Mr. Magoo, you are more fun |
News of the day (october 29 2010). From Computer World I read «Oracle: Google 'directly copied' our Java code». In this article is exposed how and where Google did copy Java's code. From the article we read
«The infringed elements of Oracle America’s copyrighted work include Java method and class names, definitions, organization, and parameters; the structure, organization and content of Java class libraries; and the content and organization of Java’s documentation»
I organize this declaration in the following list
- Java's methods names;
- Java's class names, definitions, organization;
- Java methods' parameters;
- the structure, organization and content of Java class libraries;
- Content and organization of Java’s documentation;
#define PI 3.14159265
The SCO-Linux controversies was more complex and still continue. Anyway, SCO showed some code and, on a computer-science lawsuit, gave some material to think about.

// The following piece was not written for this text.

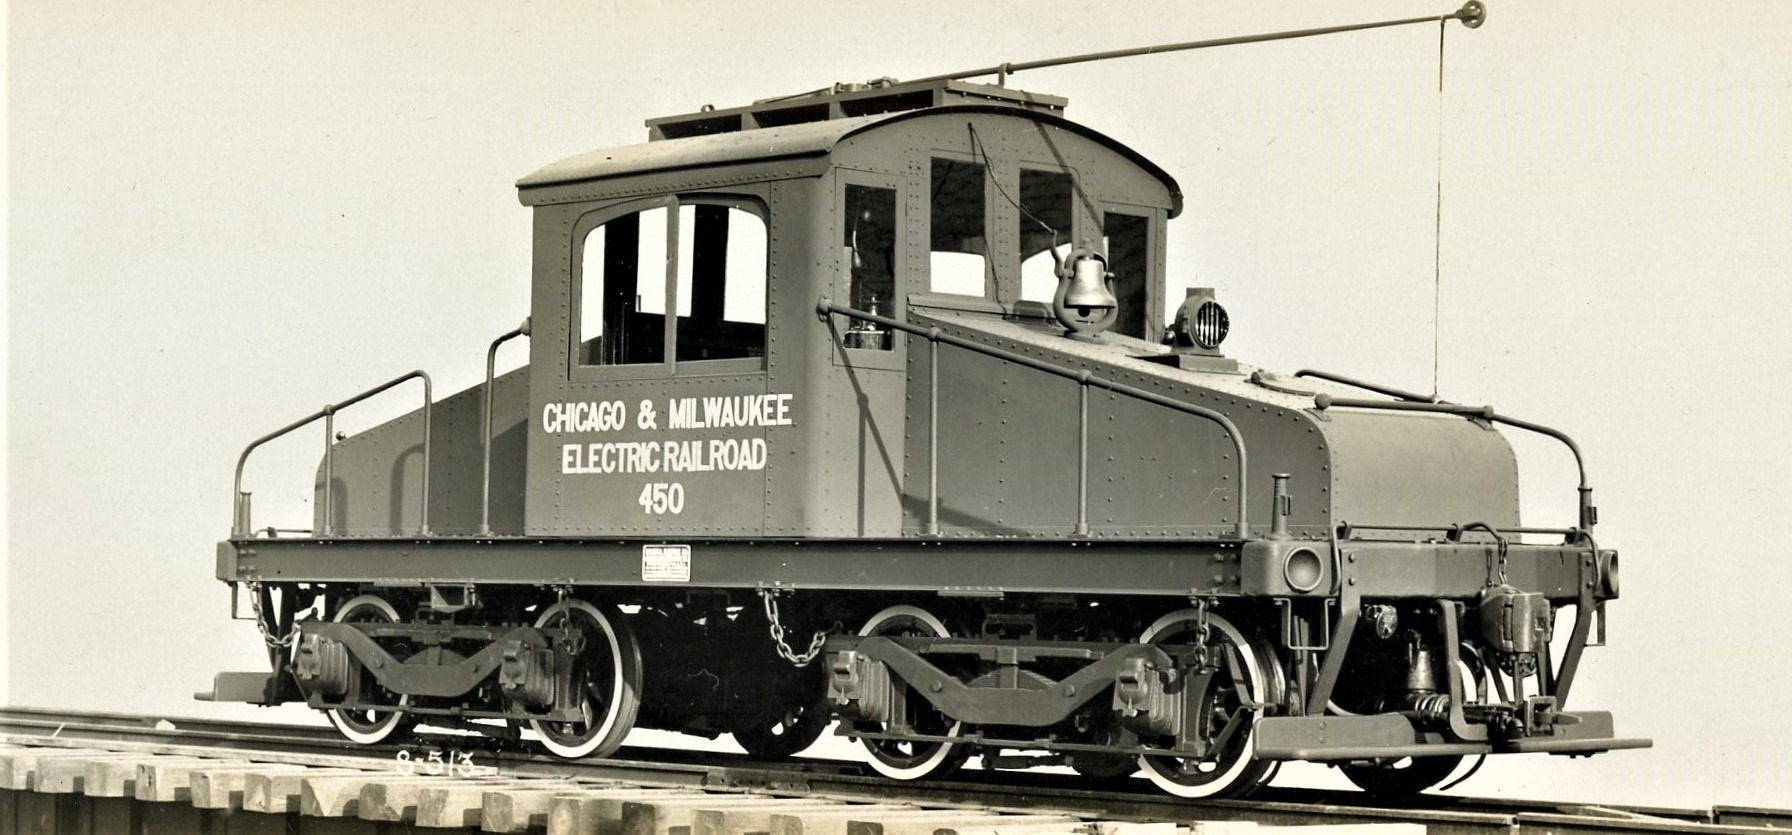 Chicago and Milwaukee Electric Railway | Schenectady, New York | Class 404-E73 #450 Steeple Cab Freight Motor | 1910 | Alco – GE photograph | NJCNRHS Collection

Let's return to Oracle's assertions. How much are they real? As a programmer with some knowledge in law and licensing, they seem ridicolous.
- You can't set a copyright for a "Function Name". Neither for a class name or a declaration. They're not "trademarks". The only trademark could be the "java" prefix in some cases (such as java.*), but I have doubts, because there are placed to grant the Java Standard Definition;
- Look point 1;
- Look point 1;
- As I say on point 1, I can understand Oracle dislikes the word "java" in a whole classpath, but this is placed to follow the Java Standard Definitions;
- This is more difficult: as you can read here, Oracle's documentation distribution isn't released under the GNU Free Documentation License.
By the way, "Java" was released under GPL by Sun Microsystems just before it was purchased by Oracle and just some pieces are still under a non-free license. So, Oracle's charges to Google seems inconsistent to me. If the problem is documentation, then Google can pay a team to rewrite it.
I think the main reason to start this lawsuit campaign is the lesser importance of the Java Micro Edition platform. How Oracle (a server provider) could be afraid on losing the mobile market? The answer is Oracle feels threatened by the decreasing importance of selling licenses to use the Java Micro Edition. Sun Microsystems earned selling to smartphone producers (Nokia, Erikson, Motorola, ecc.) the autorization to include a JME on their products. I think this was the only profittable Java client platform. Now that JME is going out of market (killed by iOS and Android), maybe Oracle is playing dirt to give new life to this project.